Popular egoism

from Wikipedia, the free encyclopedia

The term people's egoism , together with the attribute “healthy” - “healthy people's egoism” - was coined by Carl Friedrich Wilhelm Jordan on the first day of the three-day Polish debate on July 24, 1848 in the Frankfurt National Assembly .

background

After the three partitions of Poland jointly undertaken by Austria , Prussia and Russia since 1772 , the Poles have since been concerned with re-establishing their own state. Mainly West German liberals, but also a woman like Bettina von Arnim campaigned for the self-determination of the Poles. Since this affected Prussian interests, the claims of the Polish independence movement came on the agenda in the Paulskirche in Frankfurt . Jordan, who comes from East Prussia, said:

“I say the policy that calls out to us: release Poland, it doesn't cost anything, is a short-sighted, a self-forgotten policy, a policy of weakness, a policy of fear, a policy of cowardice. It is high time for us to finally wake up from that dreamy self-forgetfulness in which we raved about all possible nationalities, while we ourselves were defeated in shameful bondage and were trampled underfoot by all the world, to a healthy folk egoism in order to to say the word straight out, which puts the welfare and honor of the fatherland first in all questions. "

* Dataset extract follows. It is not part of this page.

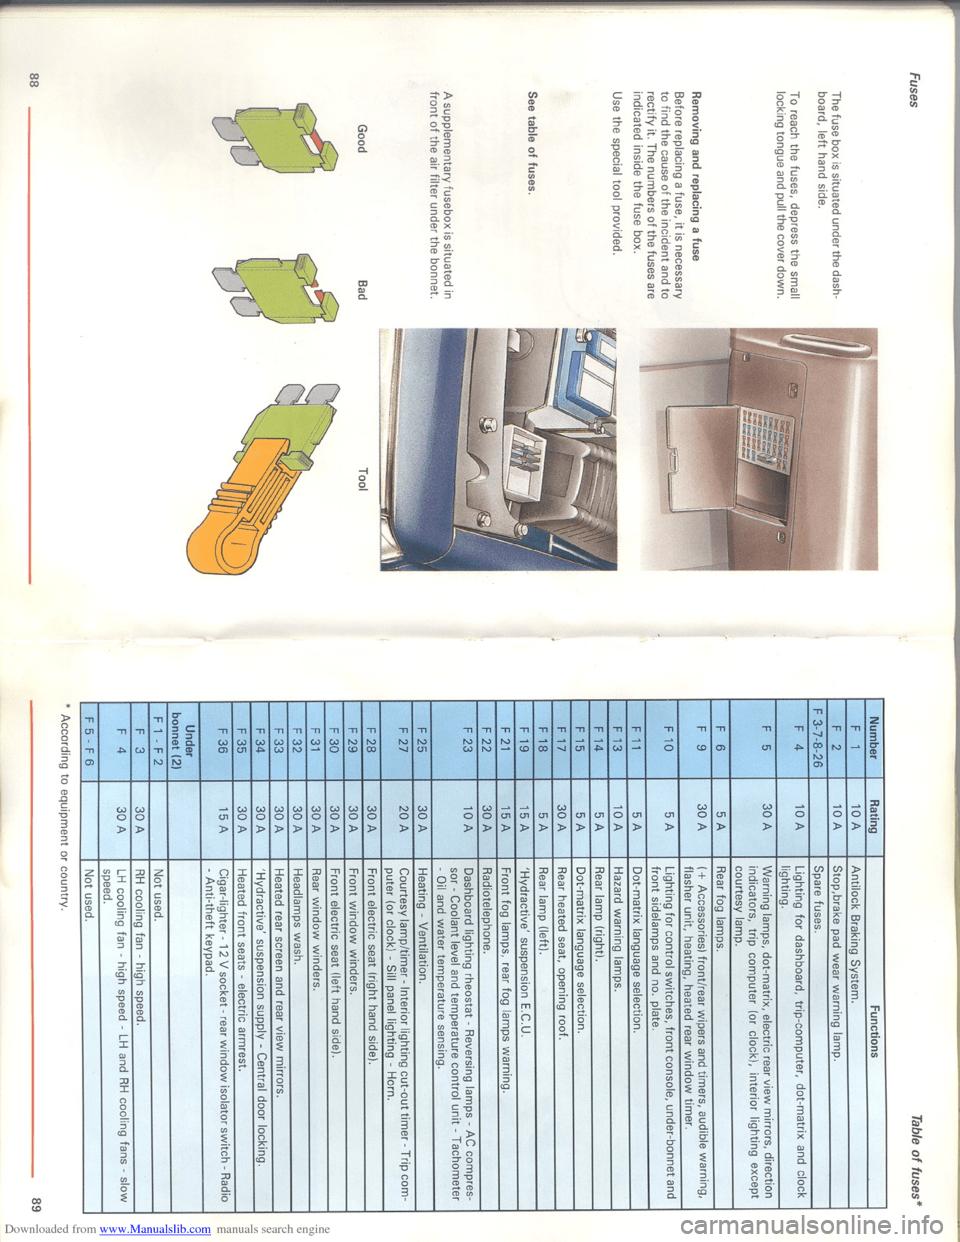 Diagram Database - Just The Best Diagram database Website | Citroen Nemo Fuse Box Diagram |  | racine.snadiagram.hosteria87.it

Jordan also spoke out against the Poles for a policy of strength. He claimed that the land conquered in the past could not be returned. In doing so, he conjured up the "German character" that had worked in the "Colonists" towards the east since the 12th century and had "fortified the conquests through armed force". He saw popular egoism as being based on the fact that "if we wanted to be ruthlessly fair, (...) we would have to publish not just Posen (...) but half of Germany" as far as the Elbe and Saale and beyond.

consequences

In the Frankfurt National Assembly, 342 MPs agreed with Jordan, and only a tiny minority of 31, including Robert Blum , was convinced of the possibility of peaceful cooperation between nations. The majority took the position presented by Jordan that the Germans should be seen as an ethnically homogeneous people to which the minorities would have to subordinate themselves to the desired national territory. In 1848 Otto von Bismarck expressed a similarly negative attitude towards the independence of the Poles. He feared that a Polish state would reach out to East Prussia as well as parts of Silesia and Pomerania, which would “cut Prussia's best tendons”, and in 1850 spoke of “state egoism” which, against all romanticism, “is the only healthy foundation of a great state” to be.
The left democrats gathered around Blum, however, saw the nation politically and wanted the minorities affected, such as the Danes in Schleswig and the Poles in the Prussian eastern provinces, to vote freely on their nationality.

The most lasting consequences were evident in the Polish reaction to the majority standpoint and led to a Polish nationalism corresponding in its intentions to German , which received its formulated program at the turn of the century. The best- known representative was Roman Dmowski , who in 1893 in his youthful publicationOur Patriotism - Foundations of a Program for a Contemporary National Politics ” ( Nasz patriotyzm. Podstawy programu współczesnej polityki narodowej ) envisaged an “all-Polish” objective that responded to the “ pan-German ” . In 1902 the main theoretical works of ethnically formed Polish nationalism appeared in Lemberg , namely Dmowski's “ Thoughts of a Modern Poland ” ( Myśli nowoczesnego Polaka ) and Zygmunt Balicki's work “ The national egoism in the face of ethics ” ( Egoizm narodowy wobec etyki ). Dmowski's book became the "Bible of the Nationalist Movement". He convinced with a point of view like this:

"I'm polish (...). In addition to my personal affairs and interests, I know the national questions, the interests of Poland as a whole, the highest interests of all, for which one must also sacrifice what one cannot sacrifice for personal affairs. "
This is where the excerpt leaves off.